Your instructions: Your task is to write out every line of the data exactly. Drop the pictures.

Dataset excerpt:
* * *
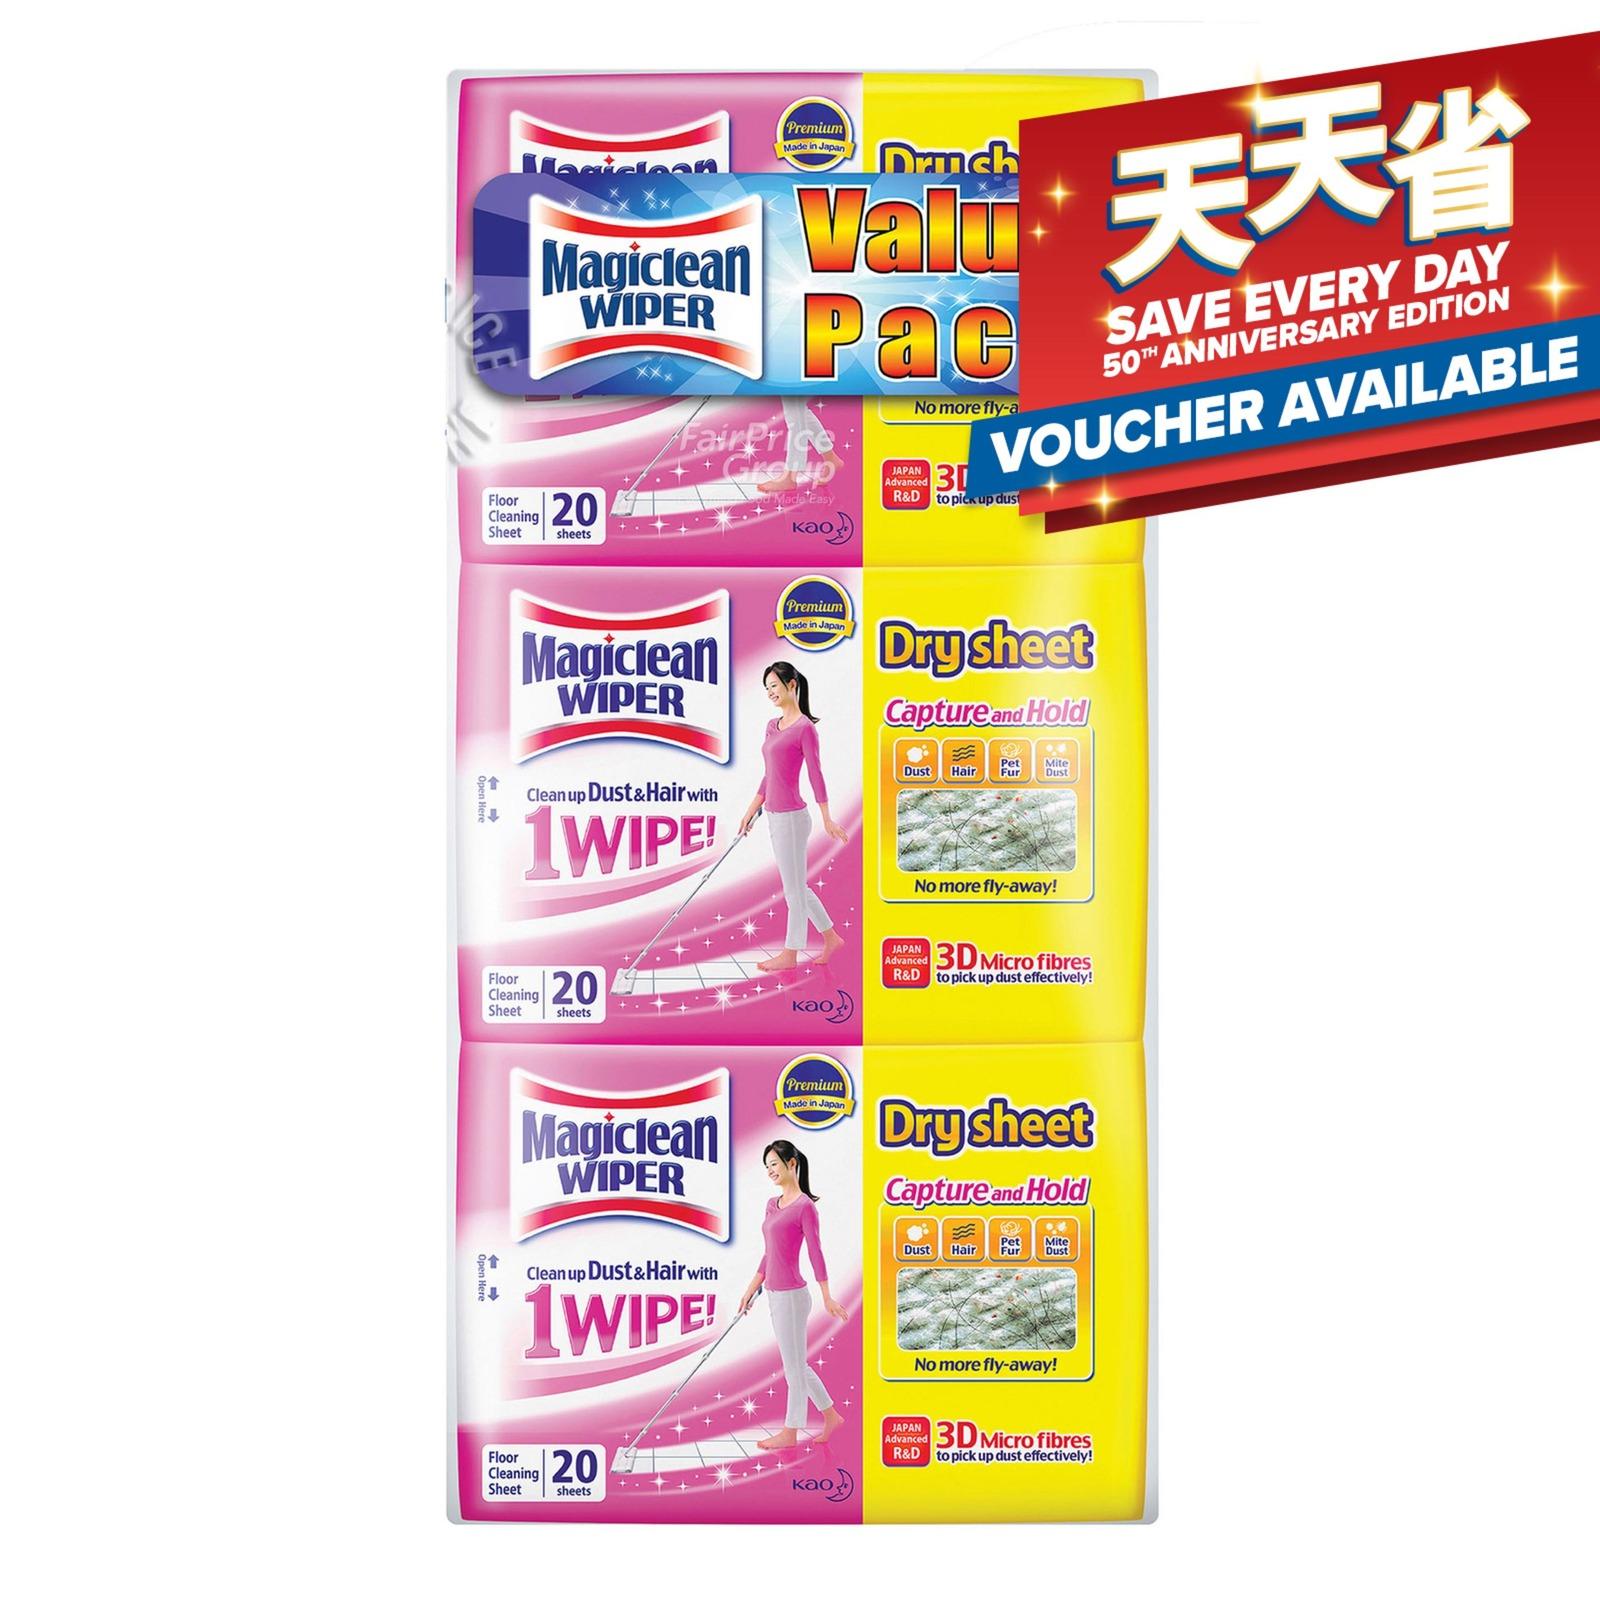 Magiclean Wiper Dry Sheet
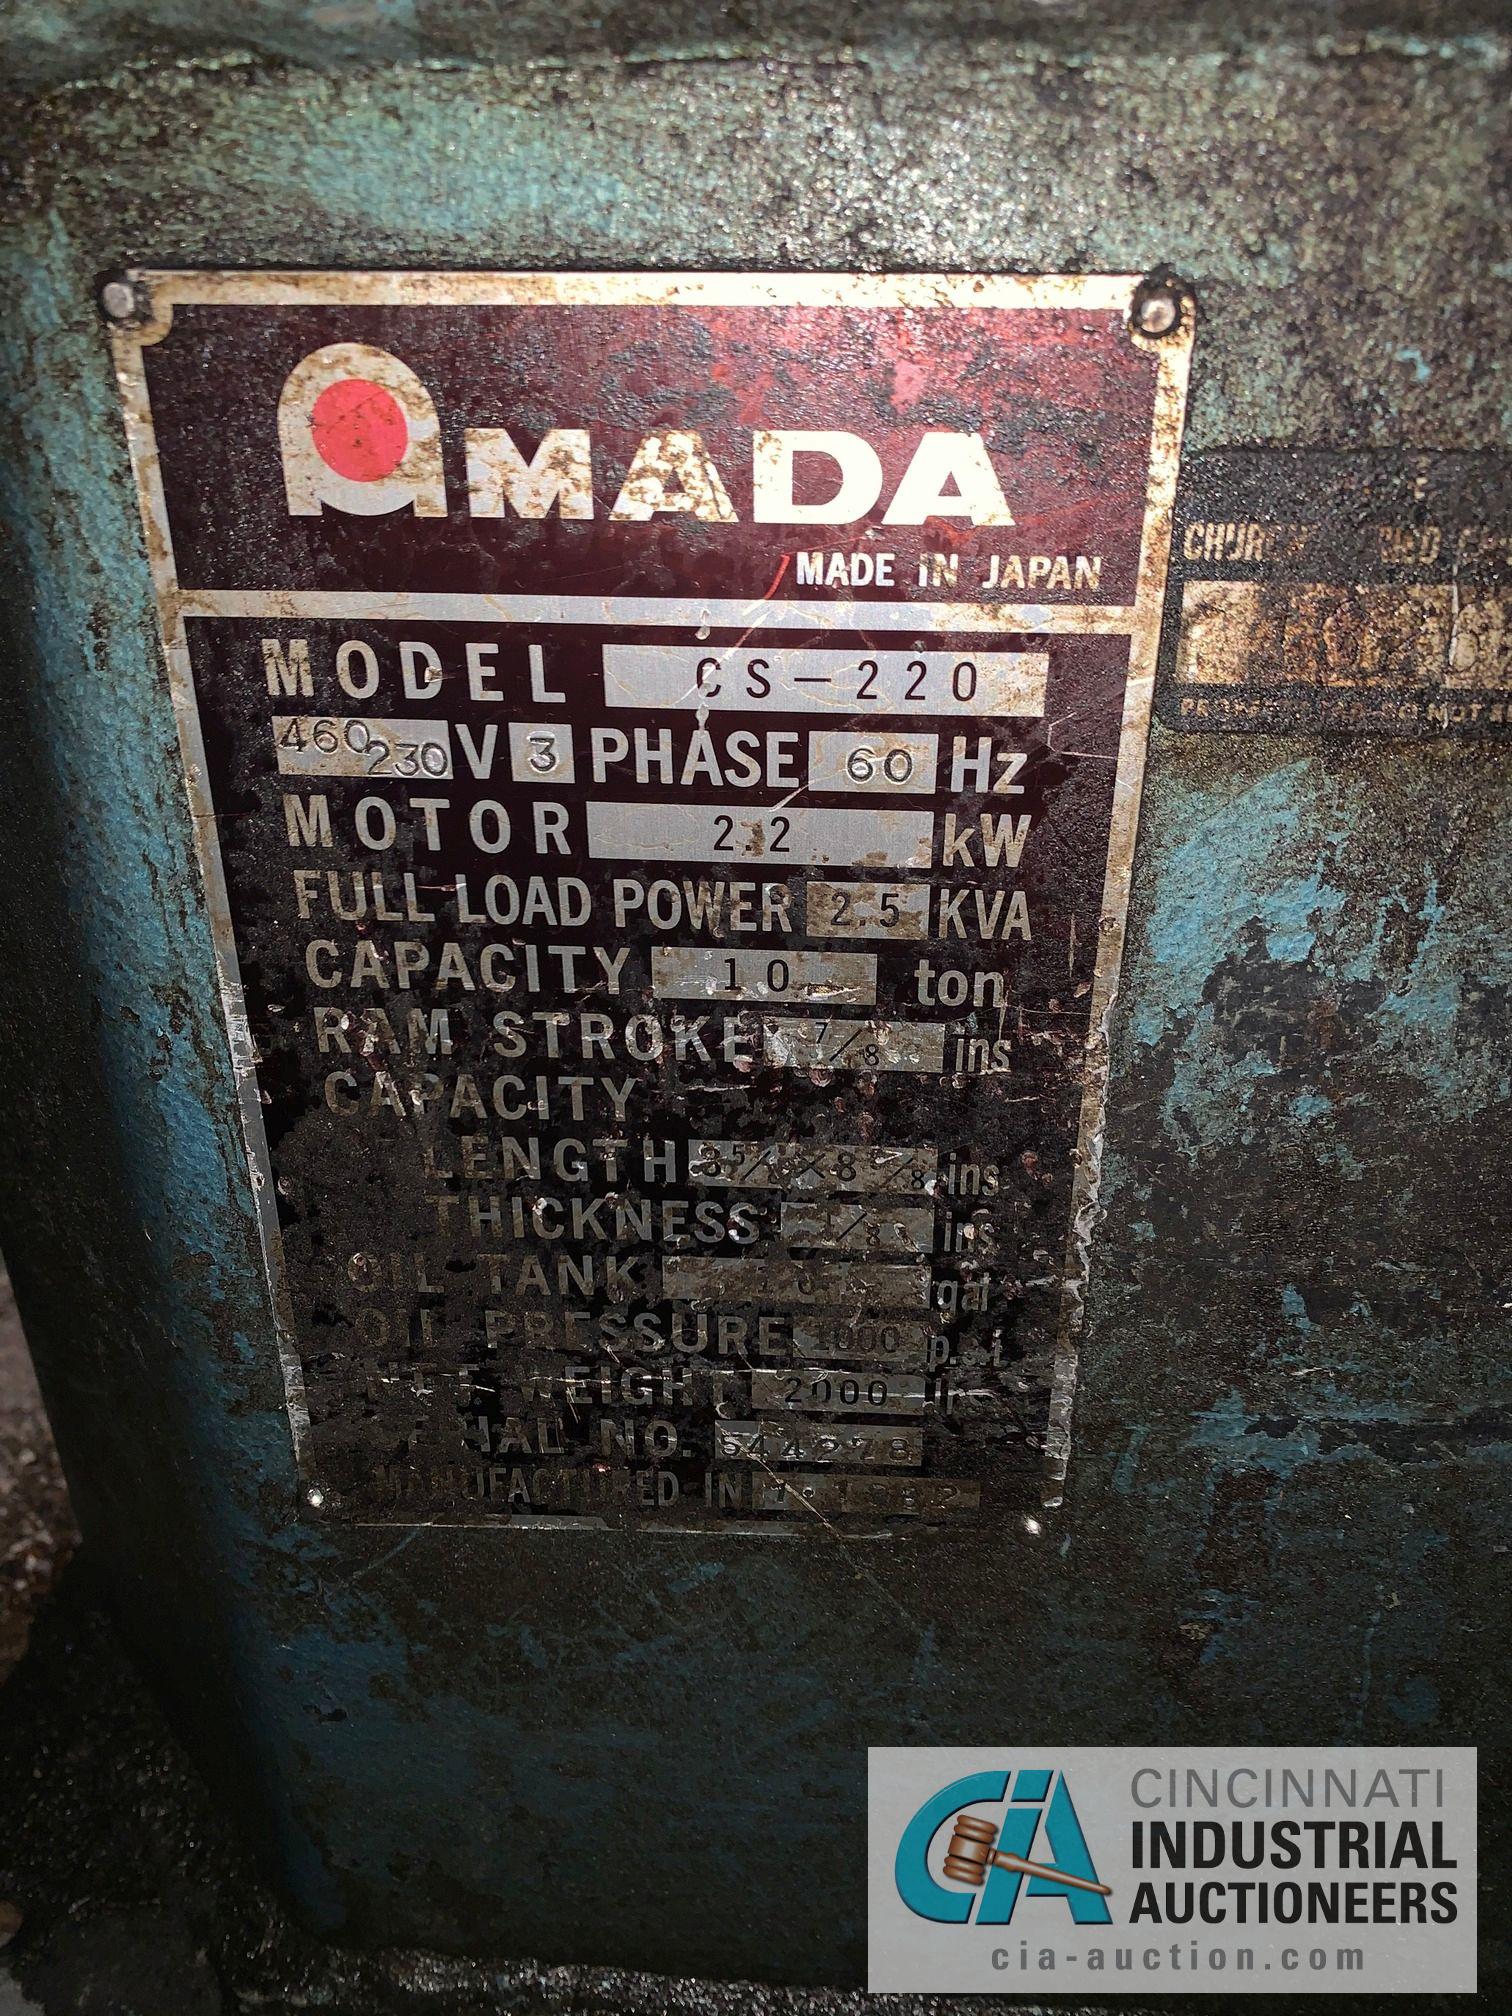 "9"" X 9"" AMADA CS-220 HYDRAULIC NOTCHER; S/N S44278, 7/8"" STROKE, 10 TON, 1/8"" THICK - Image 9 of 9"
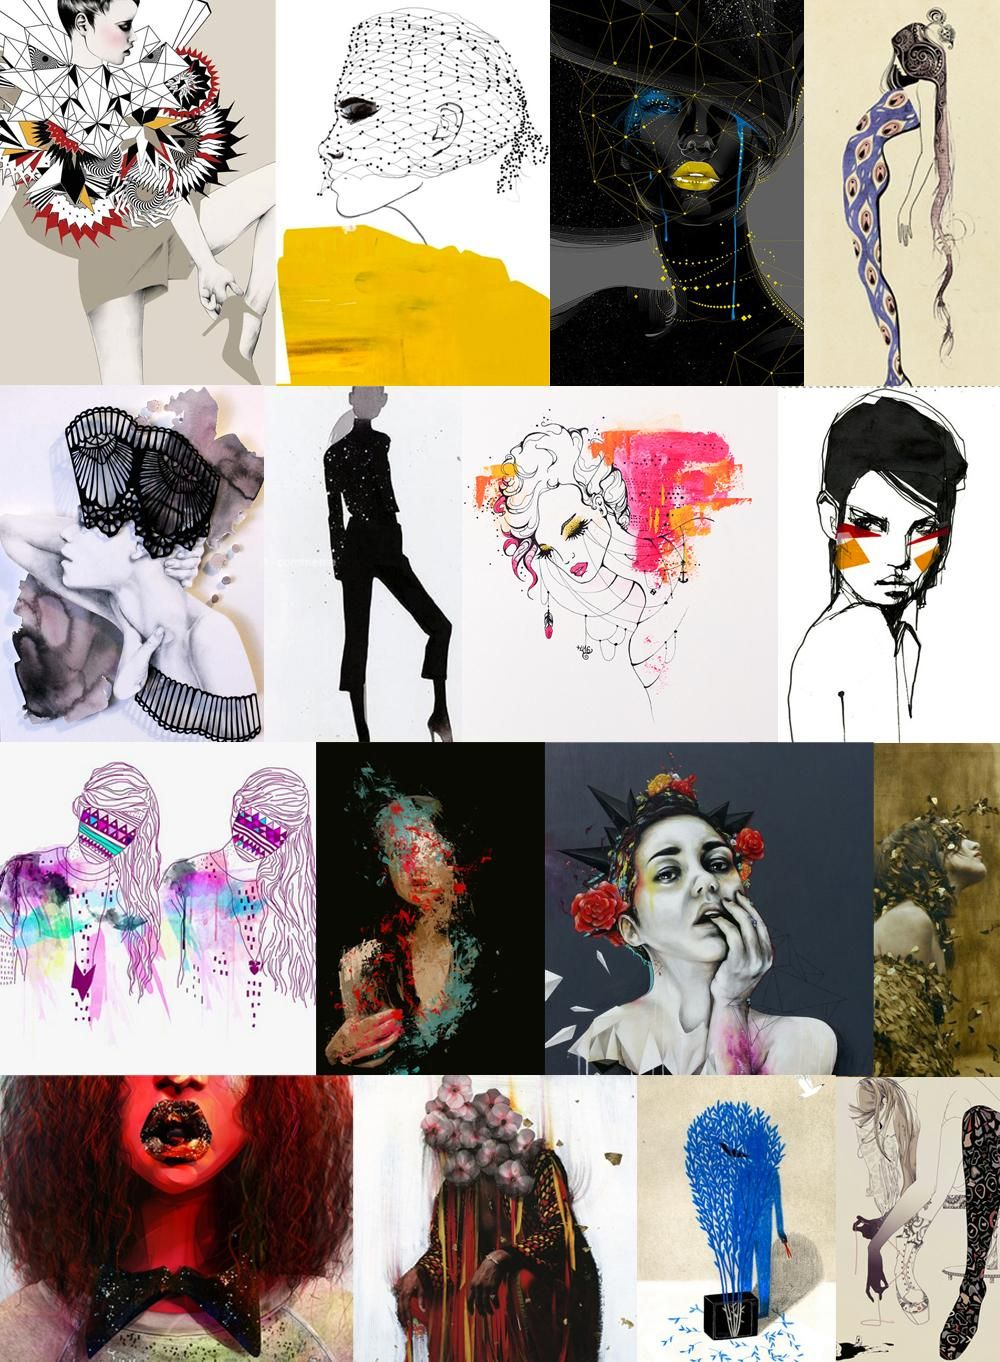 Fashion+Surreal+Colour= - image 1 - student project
* * *
Answer space:
 Magiclean Wiper Dry Sheet
 "9"" X 9"" AMADA CS-220 HYDRAULIC NOTCHER; S/N S44278, 7/8"" STROKE, 10 TON, 1/8"" THICK - Image 9 of 9"
 Fashion+Surreal+Colour= - image 1 - student project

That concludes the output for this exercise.